On February 19, 2025, Executive Vice-President Fitto and Commissioner Christophe Hansen unveiled the long-awaited Communication on the EU Vision for Agriculture and Food, “for an attractive, competitive, resilient, future-oriented and fair agri-food system for current and future generations of farmers and agri-food operators”. The initiative falls within the broader Commission’s goal of strengthening competitiveness and enhancing simplification across all sectors, including agriculture.
The Vision for Agriculture and Food outlines a roadmap for future initiatives laying the groundwork for the direction of European agricultural and food policy over the next five years and beyond. It builds upon the recommendations contained in the Strategic Dialogue on the Future of EU Agriculture report, published in September 2024. The report, presented by Professor Strohschneider, was the result of the first-of-its-kind forum gathering agricultural representatives, stakeholders, NGOs and academia. The European Commission already envisaged a continuation of the dialogue with the farming community, the whole food supply chain and civil society through the creation of the European Board on Agriculture and Food, a High–level advisory group with 30 member organisations. In addition to this, the Communication foresees a review of the existing Civil Dialogue Groups.
More generally, the Vision is based on four fundamental objectives for 2040:
- An attractive and predictable agri-food sector where incomes enable farmers to thrive
- An agri-food sector that is competitive and resilient in the face of rising global competition and shocks
- A future proof agri-food sector that is functioning within planetary boundaries
- An agri-food sector that values food, fosters fair working and living conditions and vibrant and well-connected rural and coastal areas
The Common Agricultural Policy (CAP) will remain a key instrument to support farmers’ income across the EU, with the Commission pushing for additional simplification and flexibility of the policy. The Vision highlights targeted support directed towards farmers actively engaged in food production, as well as a focus on generational renewal and young farmers. Enhanced measures such as degressivity and capping have also been underlined in the text. Overall, the Commission aims at orienting the future CAP away from conditionality towards more incentives. Farmers’ income will be supported via carbon farming and nature credits, and other financial opportunities are identified through the production of renewable energy. Still, as the discussions on the Multiannual Financial Framework (MFF) are ongoing, initial criticisms already point out the necessity to further discuss the CAP budget as well as additional financial resources needed to support new proposals. The first Commission proposal for the post-2027 CAP is expected this summer.
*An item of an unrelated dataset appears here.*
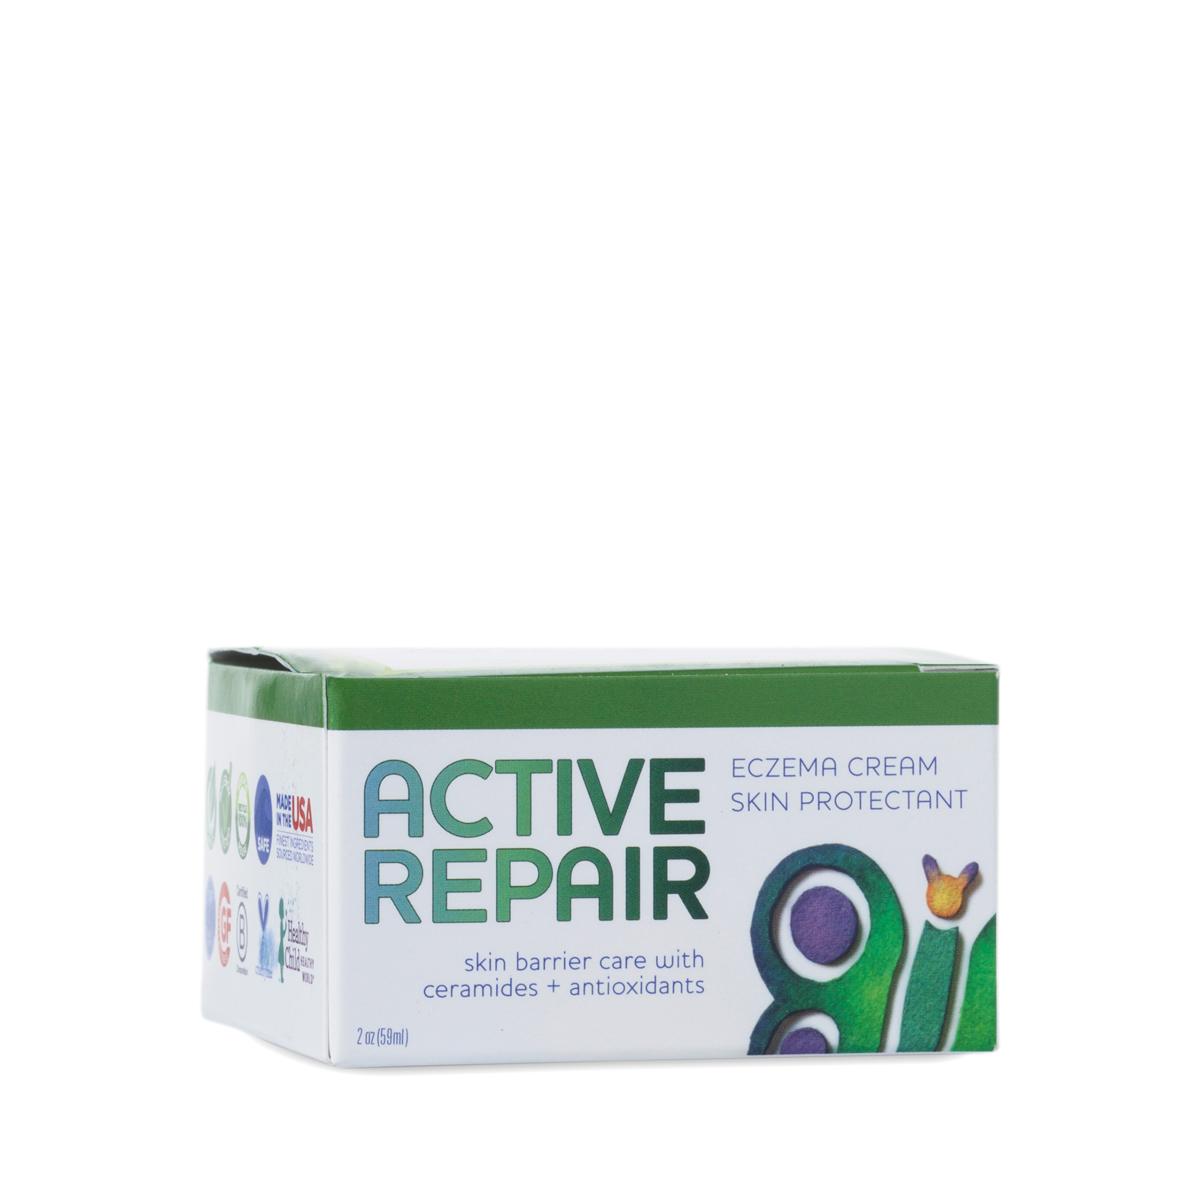 Epicencial Active Repair Eczema Cream

Given the latest geopolitical developments and global competition, the Vision foresees a more assertive stand in favour of the EU strategic autonomy and food sovereignty, consisting of a two-fold action. On the one hand, via global and bilateral cooperation, the text envisions a planned line of action towards deepening reciprocity among the Member States while strategically promoting and defending the exports of EU products. On the other hand, a competitive EU agrifood sector must be ensured with a stronger alignment of production standards applied to imported products. It is the case for pesticides, for which measures are expected in order to avoid allowing imported products containing the most hazardous pesticides banned in the EU for health and environmental reasons back in the Union territory. The same approach will be applied to animal welfare, with future legislative proposals required to ensure the same standards for products produced in the EU as those imported from third countries. The Vision additionally includes proposals on the revision of the existing animal welfare legislation, including its commitment to phase out cages, and opens to a possible proposal for targeted labelling in relation to animal welfare to address societal expectations.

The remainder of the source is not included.